━━━ Data block ━━━

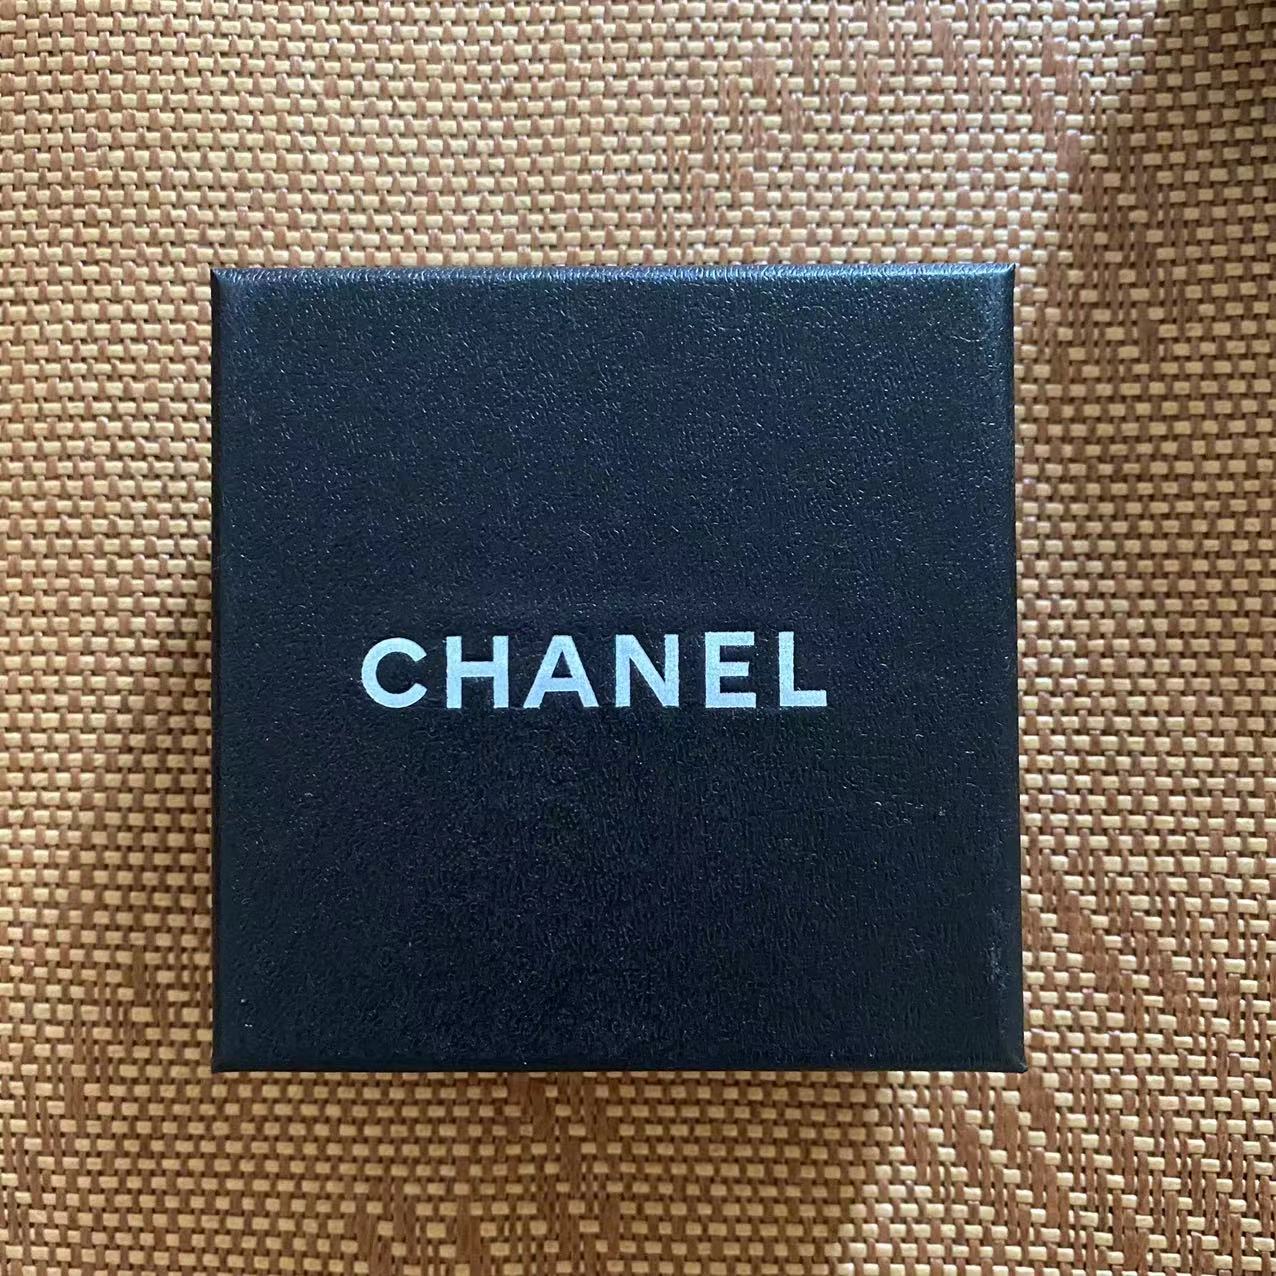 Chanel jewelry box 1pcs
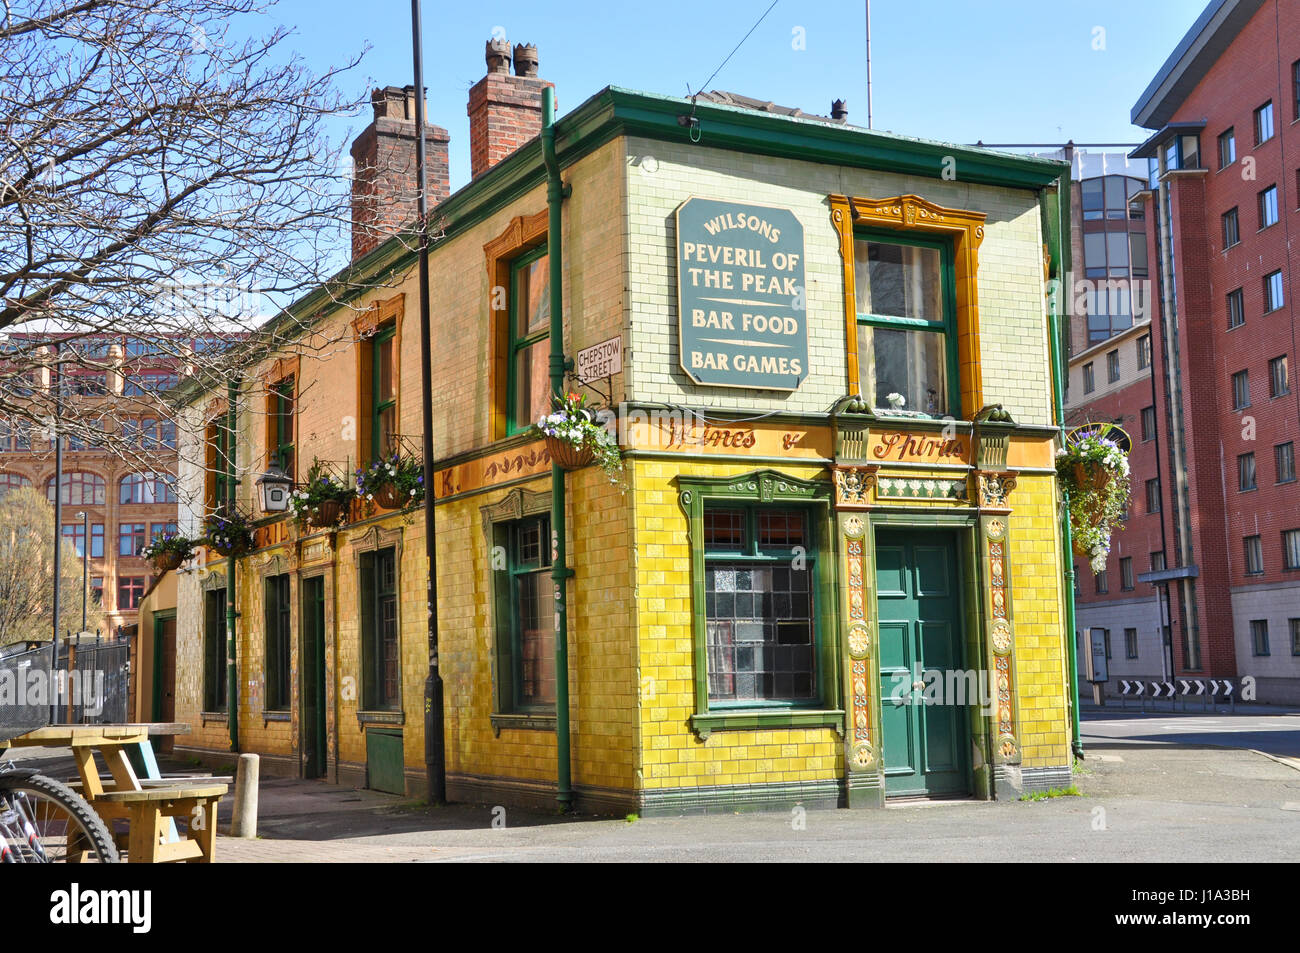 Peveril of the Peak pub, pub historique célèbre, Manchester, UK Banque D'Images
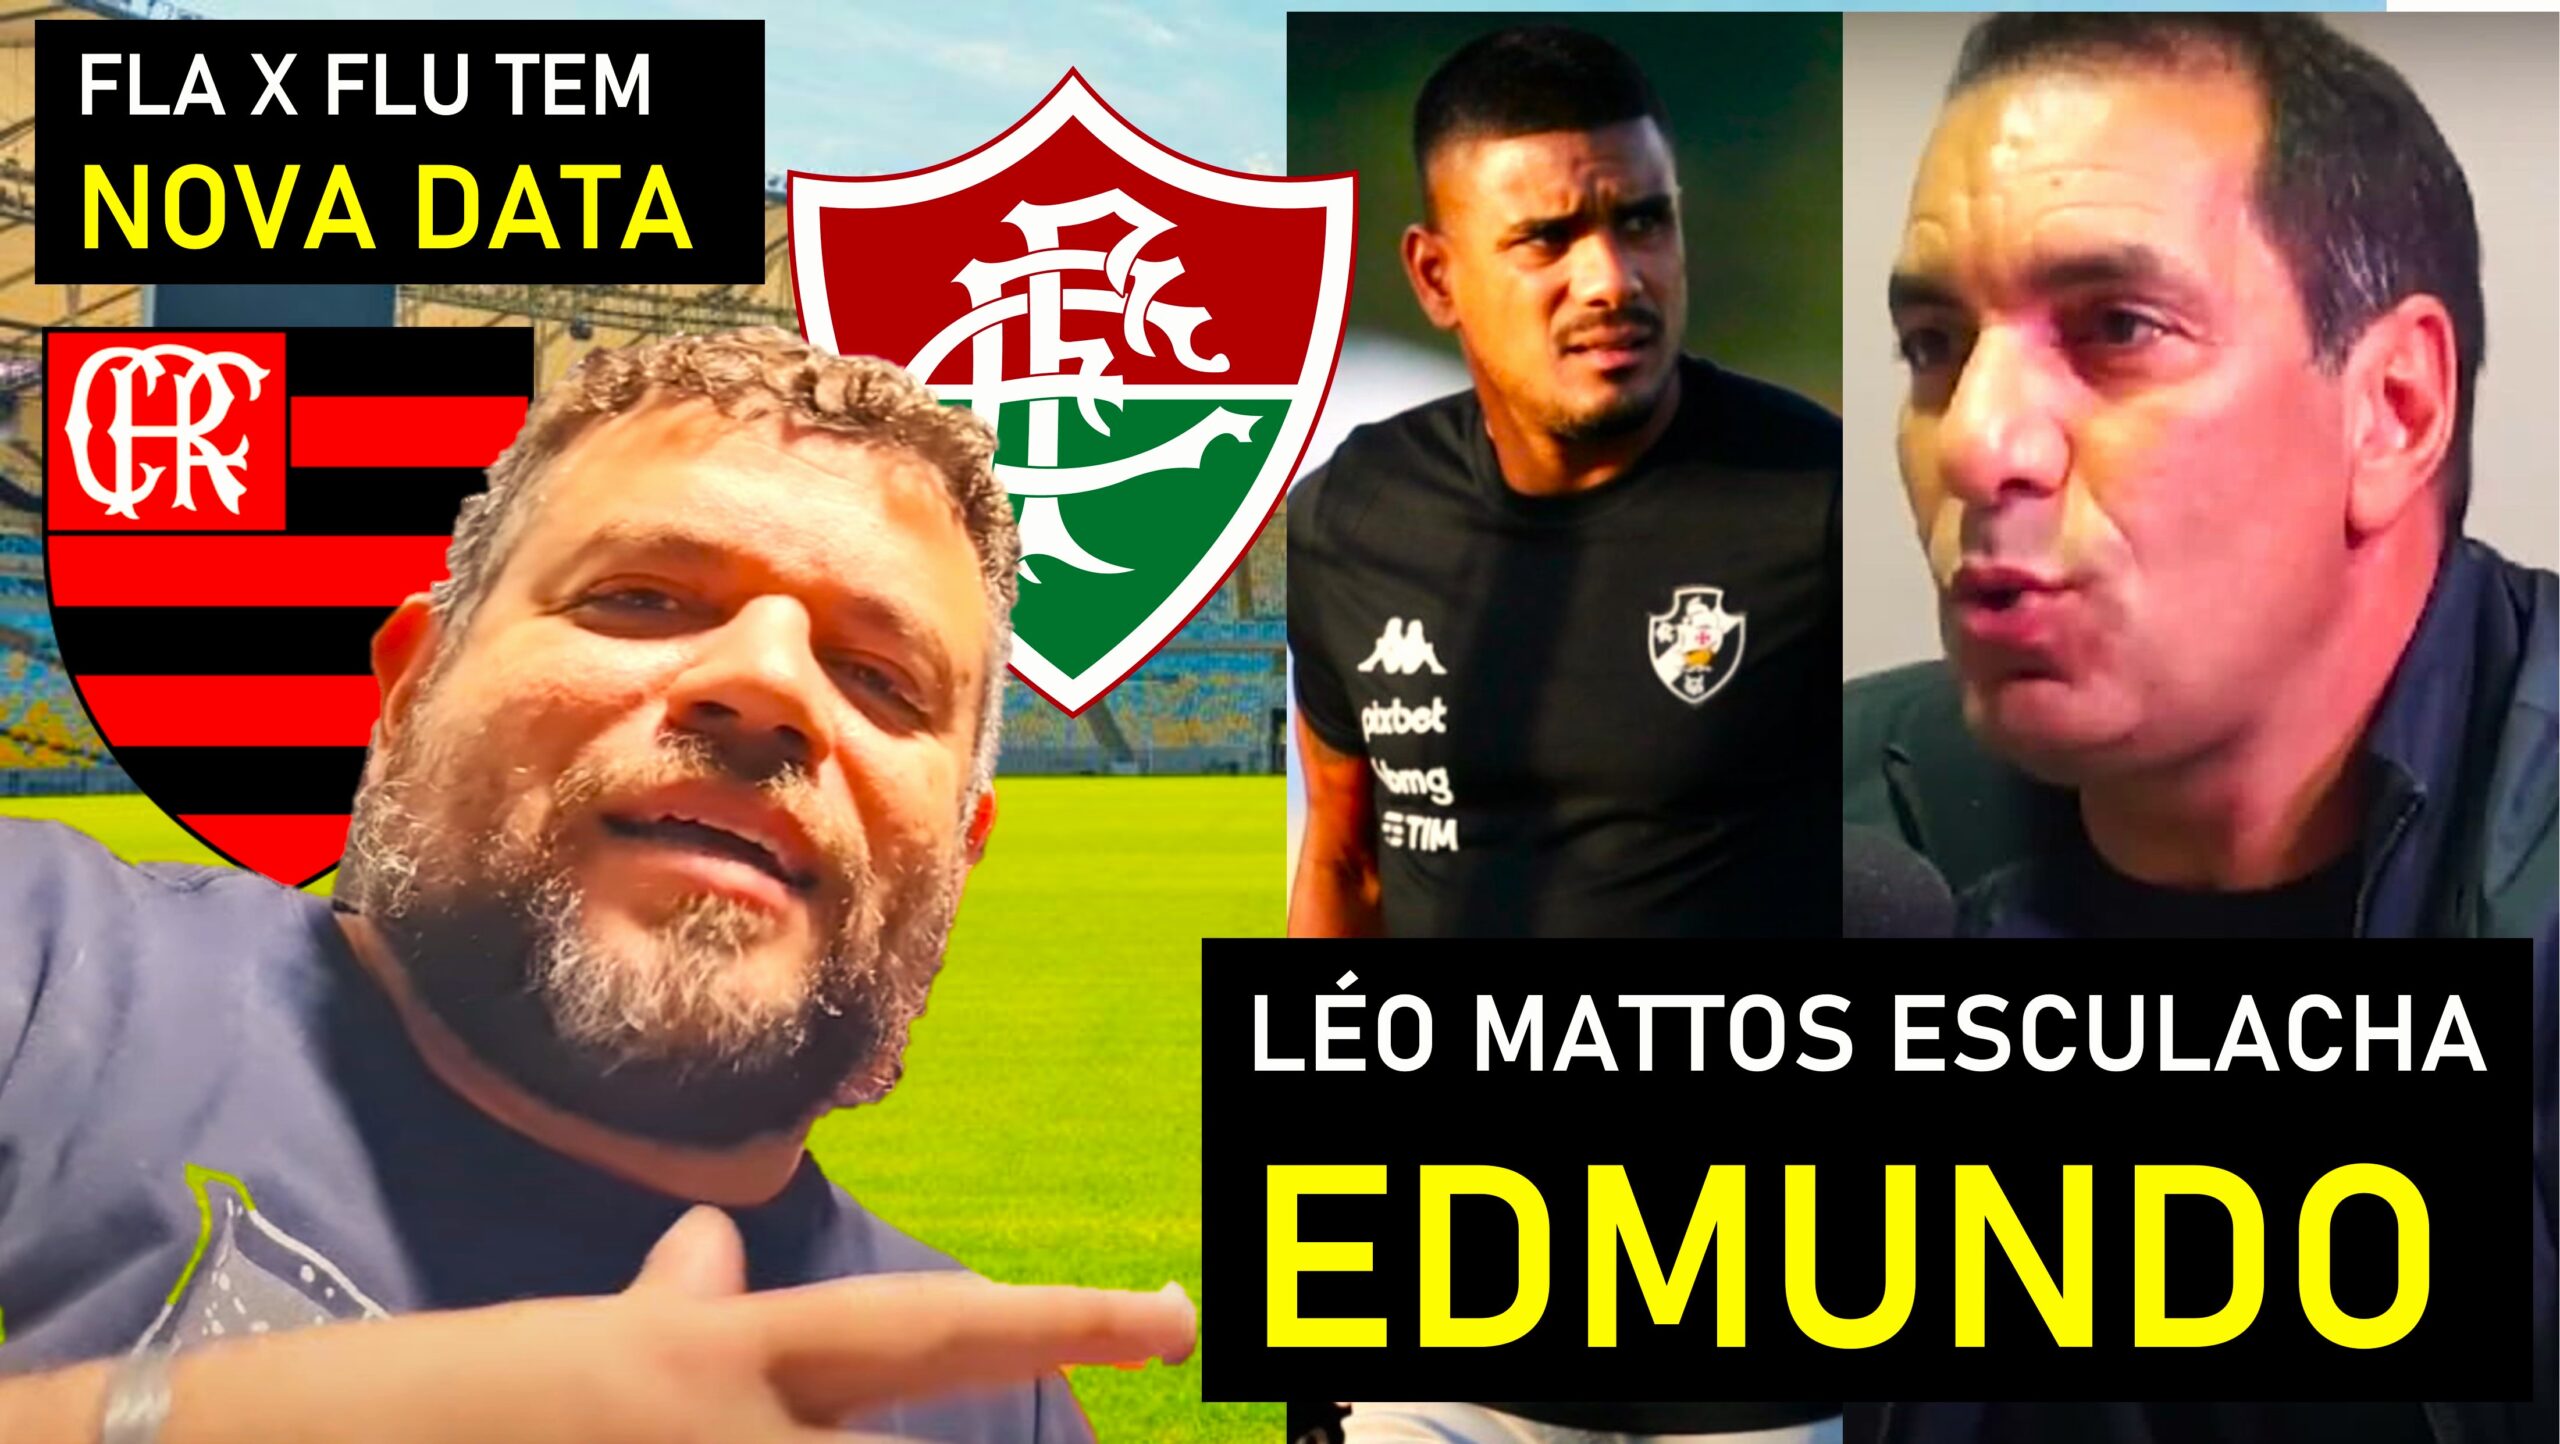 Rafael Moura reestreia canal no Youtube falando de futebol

━━━

Task instructions >>
Pictures stay out; the data above is to be returned exactly.

Answer space >>
 Chanel jewelry box 1pcs
 Peveril of the Peak pub, pub historique célèbre, Manchester, UK Banque D'Images
 Rafael Moura reestreia canal no Youtube falando de futebol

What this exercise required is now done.